You are storing your unvisited nodes in a list and doing a linear search through it for the next unvisited node. This is what is ruining your algorithm performance of Dijkstra, going from O(E + VlogV) to O(E + V^2) and why it takes 30 seconds for your machine.

First off you only need to store the currently accessible, unvisited nodes. This alone would significantly speed up your search for the unvisited node with smallest cost. You can do this by adding the neighbours of the current node to the unvisited nodes set only if they don't already exist in the set. (You can keep an additional matrix with nodes that have been added or you can query the set if it contains the node provided you have O(logn) lookup).

Next as you will be taking the smallest element as the next node, it makes sense to use an ordered data structure such as a heap or also known as a PriorityQueue in Java. Note that if you do use the priority queue you need to remove and re-add elements as you change their cost so that they get re-sorted in the queue.

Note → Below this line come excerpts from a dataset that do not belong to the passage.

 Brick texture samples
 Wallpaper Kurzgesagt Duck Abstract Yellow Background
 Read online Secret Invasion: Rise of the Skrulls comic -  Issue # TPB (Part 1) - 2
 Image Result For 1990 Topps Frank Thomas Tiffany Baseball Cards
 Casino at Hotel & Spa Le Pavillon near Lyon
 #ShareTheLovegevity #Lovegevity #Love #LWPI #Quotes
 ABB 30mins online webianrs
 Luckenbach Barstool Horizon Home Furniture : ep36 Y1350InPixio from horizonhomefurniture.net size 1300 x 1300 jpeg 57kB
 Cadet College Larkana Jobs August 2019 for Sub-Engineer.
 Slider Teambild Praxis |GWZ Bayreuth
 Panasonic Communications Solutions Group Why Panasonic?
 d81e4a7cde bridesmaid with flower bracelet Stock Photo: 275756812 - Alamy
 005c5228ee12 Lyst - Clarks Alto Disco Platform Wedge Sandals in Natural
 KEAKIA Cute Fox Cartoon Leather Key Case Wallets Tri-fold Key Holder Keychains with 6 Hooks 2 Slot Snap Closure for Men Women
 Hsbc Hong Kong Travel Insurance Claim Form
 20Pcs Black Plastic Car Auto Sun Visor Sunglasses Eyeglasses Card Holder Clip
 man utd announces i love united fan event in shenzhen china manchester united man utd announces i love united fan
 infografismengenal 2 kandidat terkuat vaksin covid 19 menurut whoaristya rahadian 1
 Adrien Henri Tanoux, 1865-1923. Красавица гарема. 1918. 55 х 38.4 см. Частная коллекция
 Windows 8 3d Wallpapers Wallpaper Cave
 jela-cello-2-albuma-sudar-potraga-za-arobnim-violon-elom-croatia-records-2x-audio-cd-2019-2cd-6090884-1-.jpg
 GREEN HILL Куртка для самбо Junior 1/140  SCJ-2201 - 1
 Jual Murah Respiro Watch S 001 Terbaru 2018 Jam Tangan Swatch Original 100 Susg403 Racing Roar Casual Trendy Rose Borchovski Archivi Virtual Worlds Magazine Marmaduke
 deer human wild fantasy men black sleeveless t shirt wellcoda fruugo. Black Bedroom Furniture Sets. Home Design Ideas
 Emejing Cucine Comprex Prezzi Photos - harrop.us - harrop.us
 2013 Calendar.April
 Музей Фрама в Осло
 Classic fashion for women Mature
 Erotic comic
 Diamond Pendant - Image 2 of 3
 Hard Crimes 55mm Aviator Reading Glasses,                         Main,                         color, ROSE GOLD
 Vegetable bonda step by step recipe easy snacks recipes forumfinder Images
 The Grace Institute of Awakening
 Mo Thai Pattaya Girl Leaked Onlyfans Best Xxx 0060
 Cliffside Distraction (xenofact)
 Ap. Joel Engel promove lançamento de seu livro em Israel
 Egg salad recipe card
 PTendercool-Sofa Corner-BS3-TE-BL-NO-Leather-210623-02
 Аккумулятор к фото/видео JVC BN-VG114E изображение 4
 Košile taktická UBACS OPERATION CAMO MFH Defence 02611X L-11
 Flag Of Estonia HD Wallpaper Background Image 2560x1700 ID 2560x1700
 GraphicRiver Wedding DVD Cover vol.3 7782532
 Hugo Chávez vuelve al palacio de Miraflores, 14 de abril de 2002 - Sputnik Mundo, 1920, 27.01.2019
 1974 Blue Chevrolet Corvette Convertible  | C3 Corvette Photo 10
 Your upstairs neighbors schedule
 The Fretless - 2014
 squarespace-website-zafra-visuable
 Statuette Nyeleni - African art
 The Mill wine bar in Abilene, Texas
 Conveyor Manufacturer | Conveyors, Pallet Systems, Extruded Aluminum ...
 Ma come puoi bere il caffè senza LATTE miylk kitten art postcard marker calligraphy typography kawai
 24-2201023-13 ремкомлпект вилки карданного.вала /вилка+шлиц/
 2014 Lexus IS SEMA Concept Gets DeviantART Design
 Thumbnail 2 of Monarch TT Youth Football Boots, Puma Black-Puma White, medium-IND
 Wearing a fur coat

# Use an Object Oriented Solution

You have many matrixes (arrays) of the same size that represent different properties of each node. It makes sense to just consolidate these arrays into one array of nodes where each node has properties.

Like this:

class DijkstraNode{
double value;
double bestCostThisFar = Double.PositiveInfinity();
boolean visited = false;
int x;
int y;
}

DijkstraNode graph[] = new DijkstraNode[mEdge*mEdge];

PriorityQueue<DijkstraNode> unvisited = new PriorityQueue<>(mEdge*mEdge, comparator);


Where you implement a suitable Comparator.

This means that your data will have a much better cache coherency as the data you will be using will fit on the same cache line.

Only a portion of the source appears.